India’s resilient march continues on the back of strong domestic demand despite global macro uncertainties with a steady focus on macro stability and sustainable fundamental growth. The country’s strong structural drivers are expected to keep sentiments upbeat and the outlook for India broadly remains positive. In the October 2023 Monetary Policy, while keeping repo rates unchanged, the Reserve Bank of India Governor presented a very positive outlook on India stating that the country is poised to become a new growth engine for the world.
Our economic conditions remain favourable with various high-frequency macro indicators including capex gaining ground and strong GST collections, PMI, better capacity utilisation, credit activity and service exports. Even though last month saw some outflows with FIIs taking a breather driven by increasing uncertainty due to higher yields in the US and a stronger dollar, cumulative inflows remain strong with India being one of the highest recipients among select emerging market economies. International investors are increasingly embracing the idea of India as a favourable alternative compared to China considering our growth visibility and lower susceptibility to geopolitical risks. This augurs well for the long-term outlook of the country and would be beneficial in keeping FII flows sustained.

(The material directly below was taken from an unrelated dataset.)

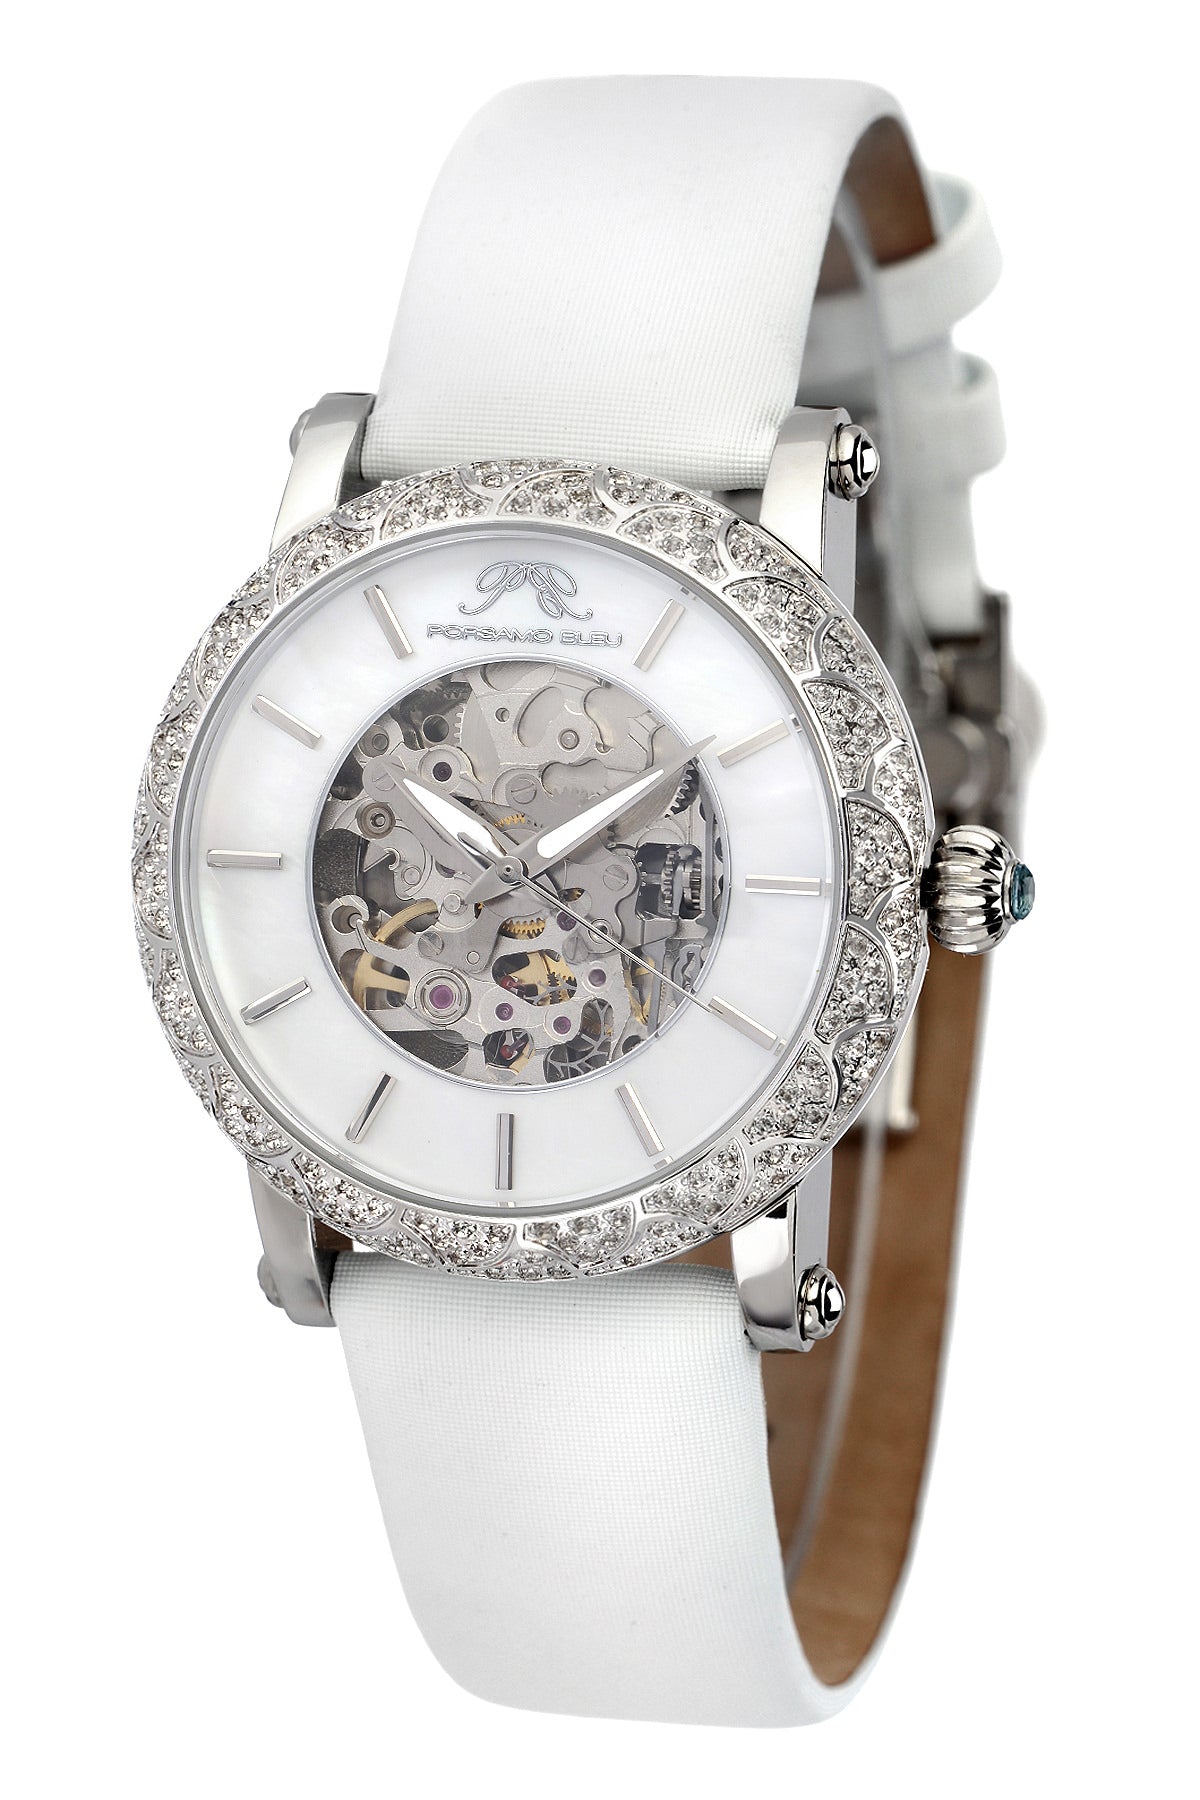 Porsamo Bleu Liza Luxury Automatic Topaz Women's Watch, Satin Leather Watch, Silver, White 691ALIL

Market optimism to continue in the long term
The inclusion of India in the JP Morgan EM Bond Index represents a significant milestone, further elevating India's global perception and signifying substantial progress for the economy, bond inflows, interest rates and the rupee's strength. Over the past five years, we've witnessed substantial improvements not only in corporate balance sheets but also in the PSU sector, particularly in critical sectors like infrastructure, power, logistics and real estate. These advancements reinforce the commitment to long-term investments, leveraging the opportunities presented by India. They say a rising tide lifts many boats and as various pockets of the economy start performing, my view is that the breadth of our markets will continue to expand. The festive season has started in full swing and on a cheerful note which is poised to drive higher consumption in India and uphold a strong positive sentiment in the market.
Overall, I expect market optimism to continue in the long term, albeit with some interim volatility owing to extraneous factors such as global macros and geopolitical tensions. Indian markets have witnessed a broad-based recovery, with the Nifty 50 hitting the significant 20,000 mark in September this year and even other broader market indices scaling new highs. The markets have transitioned from being predominantly cyclical to a structurally sound platform. One of the key risks for India is higher energy prices which have moved up lately due to supply-side issues. The recent geopolitical tensions could further impact global oil markets, resulting in a surge in prices. Domestic markets may see some volatility in the rupee and bond yields. The domestic economy is structurally strong with sound fundamentals, hence except for interim volatility, there may not be any major impact on India as a result of the recent geopolitical conflict. The country remains on a steady footing, but we need to keep a watch on energy prices.
Investors should focus on asset allocation
Investors should focus on asset allocation to navigate through the ebbs and flows of the market. Irrespective of where in the market cycle we are, asset allocation is the ideal way to build a mutual fund portfolio. There are various solutions available to investors to achieve this. Based on your goals, risk appetite and investment tenure, you can consider investing in diversified equity funds along with hybrid funds, such as the balanced advantage category, which provides exposure to both equity and debt. Equity as an asset class is expected to remain range bound, with the broader market expected to remain buoyant ahead of the quarter’s results and the impending festive season sales. Debt as an asset class is a must-have, not just in terms of adding stability to one’s portfolio, but with rates expected to remain ‘higher for longer’ and no near-term visibility of rate cuts, it is prudent to have exposure in this asset class. It also reflects that fixed income investors are poised to get better carry in funds, right from Liquid funds to Medium duration funds.
Sources –
1. RBI Monetary Policy Report – October 2023
2. Fitch Ratings - JP Morgan Global Bond Index-Emerging Markets (GBI-EM)
Mutual Fund investments are subject to market risks, read all scheme related documents carefully.